Example 21.2 In a certain region, times (minutes) between occurrences of earthquakes (of any magnitude) have a distribution with percentiles displayed in Table 21.1. Suppose an earthquake just occurred and let \(X\) be the amount of time until the next earthquake; we’ll assume Table 21.1 represents (partially) the distribution of \(X\).
- Let \(F\) be the cdf of \(X\). Evaluate and interpret \(F(12.6)\) and \(F(26.8)\).
- Construct a spinner corresponding to this distribution.
- Sketch a histogram of this distribution with unequal bin widths.
- Sketch the pdf of \(X\).
- Sketch a histogram of this distribution with equal bin widths.
- Let \(Q(0.1)\) represent the value of \(x\) for which \(F(x)=0.1\). Evaluate and interpret \(Q(0.1)\).
- The quantile function (essentially the inverse cdf) fills in the following blank for a given \(p\in[0, 1]\): the \(100p\)th percentile is (blank).
- For example, evaluating the quantile function at \(p=0.25\) outputs the 25th percentile.
- For a continuous random variable with cdf \(F\), the quantile function \(Q:[0,1]\mapsto\mathbb{R}\) is the inverse of the cdf, \(Q(p) = F^{-1}(p)\).
- A quantile function basically gives you the same information as a cdf, just in the other direction.

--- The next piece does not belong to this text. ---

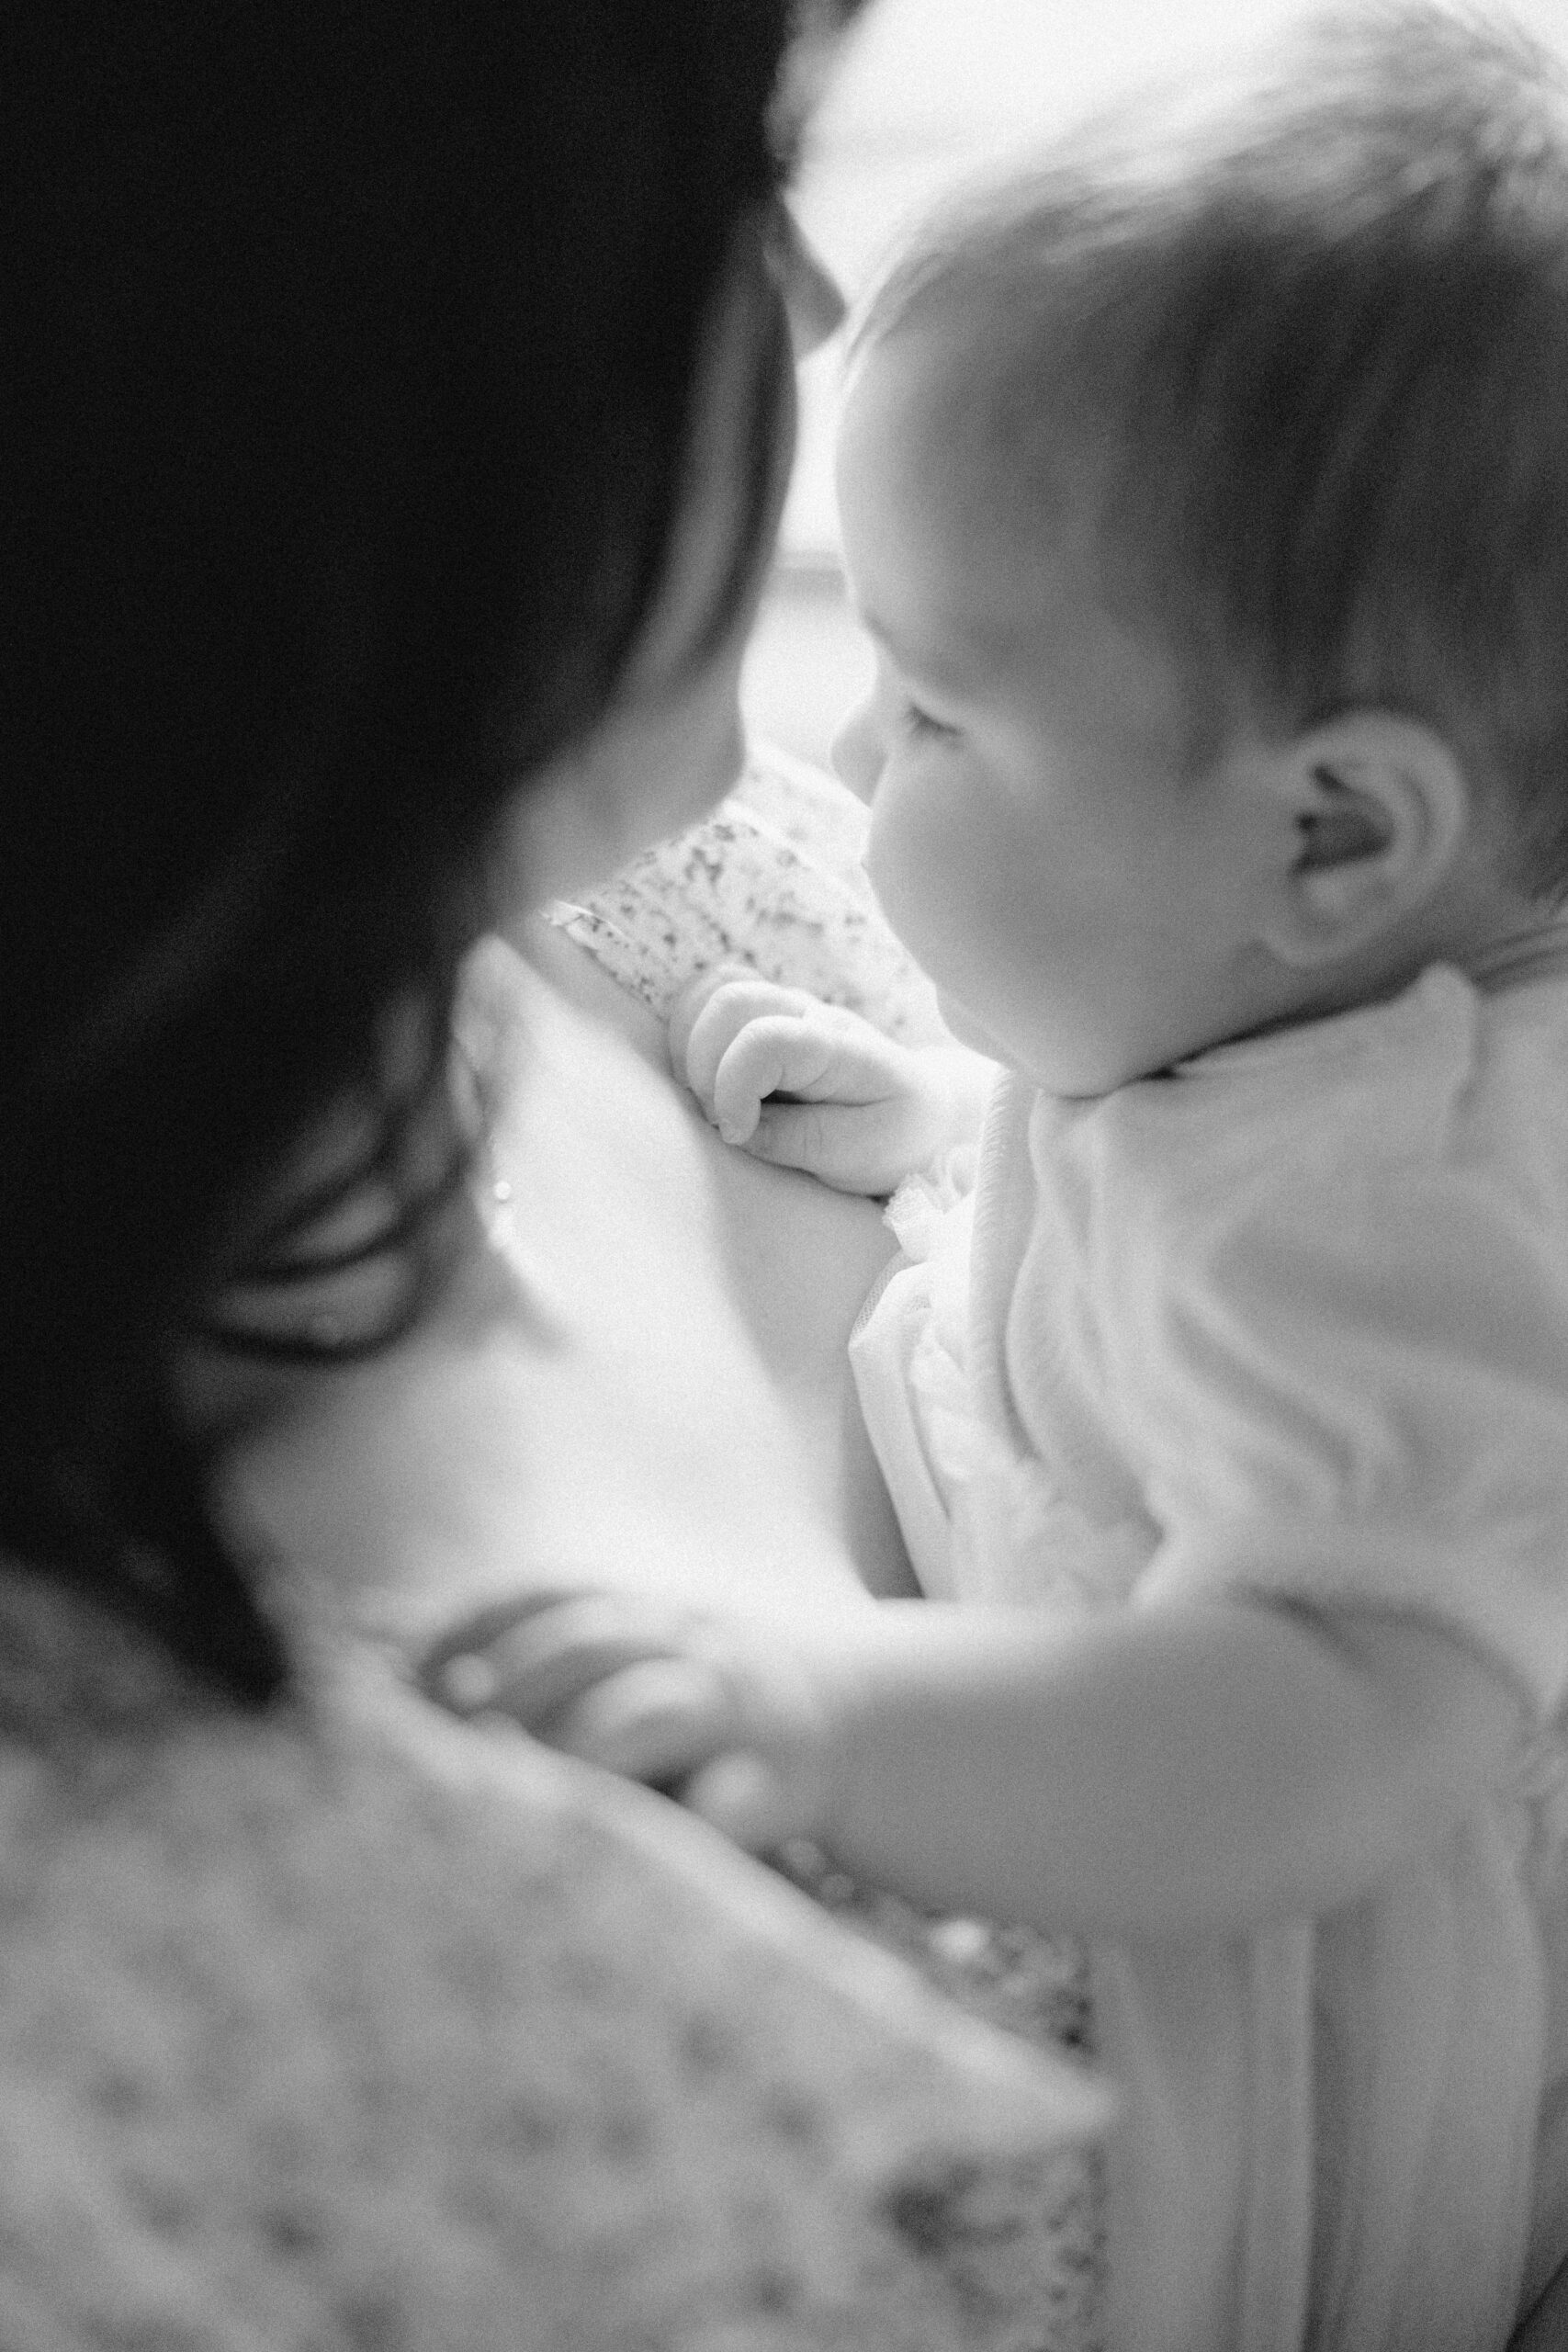 Black and white intimate photo of mom and infant daughter together during their in home photo session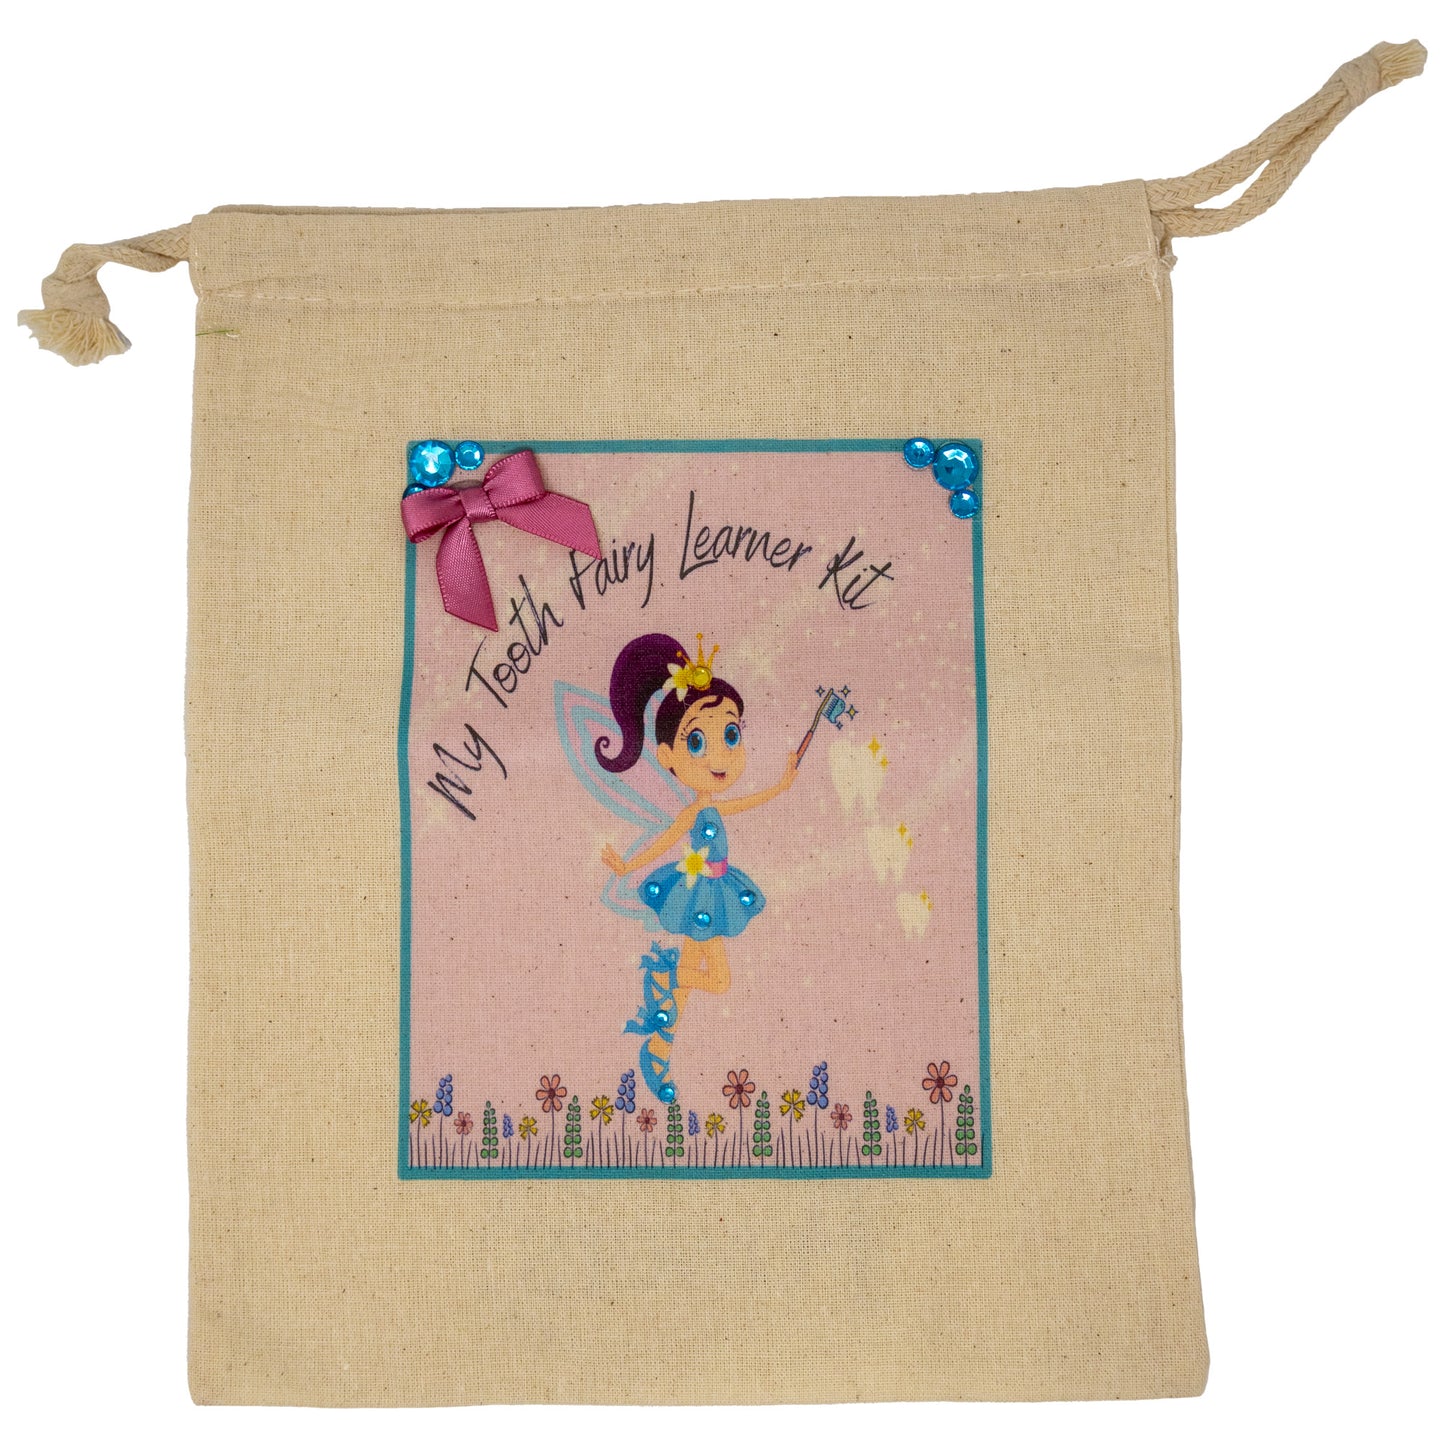 Tooth Fairy Learner Kit for Girls

Both a quantile function and a cdf define a distribution by specifying all the percentiles.
Example 21.3 Recall Example 5.5. Let \(X\) be the random variable representing Han’s arrival time and assume that the cdf of \(X\) satisfies \[ F(x) = (x/60)^2, \qquad 0\le x\le 60 \]
- Compute and interpret \(\text{P}(X\le 30)\).
- Compute and interpret \(\text{P}(X \le 42.42)\).
- Compute and interpret \(\text{P}(X \le 51.96)\).
- What do the previous parts tell you about the percentiles of \(X\)?
- Use the answers to the previous parts to start to construct a spinner for simulating values of \(X\).
- How could you fill in more of the spinner? For example, where should you place the values 10, 20, 30, 40, 50 on the spinner axis?
- Suppose you simulate many values of \(X\). Sketch a histogram of \(X\).
- Sketch the pdf of \(X\).
- Compute and interpret the 10th percentile.
- Compute and interpret the 90th percentile.
- Find an expression for the \(p\)th percentile, where \(0<p<1\), e.g., \(p=0.1\) corresponds to the 10th percentile.
- Use the answers to the previous parts to start to construct a spinner for simulating values of \(X\). How could you fill in more of the spinner?
- The quantile function can be used to create a spinner for a distribution. Basically, the values on the outside boundary of the spinner are scaled based on the quantile function (which is determined by the cdf). Intervals corresponding to regions of higher density (“more likely”) values are stretched out on the spinner boundary; intervals corresponding regions of lower density (“less likely” values) are shrunk.
- Universality of the Uniform (or “one spinner to rule them all”). Let \(F\) be a cdf and \(Q\) its corresponding quantile function. Let \(U\) have a Uniform(0, 1) distribution and define the random variable \(X=Q(U)\). Then the cdf of \(X\) is \(F\).
- Universality of the uniform might look complicated but all it basically says is that you can construct a spinner by putting the 25th percentile 25% of the way around, the 75th percentile 75% of the way around, etc.
- Actually, universality of the uniform says we don’t have to create a new spinner. We can just spin the Uniform(0, 1) spinner—which would tell us what percentile that we want, e.g., 0.7 for the 70th percentile—and transform each resulting value by plugging it into the quantile function to obtain the percentile in the measurement units of the the variable.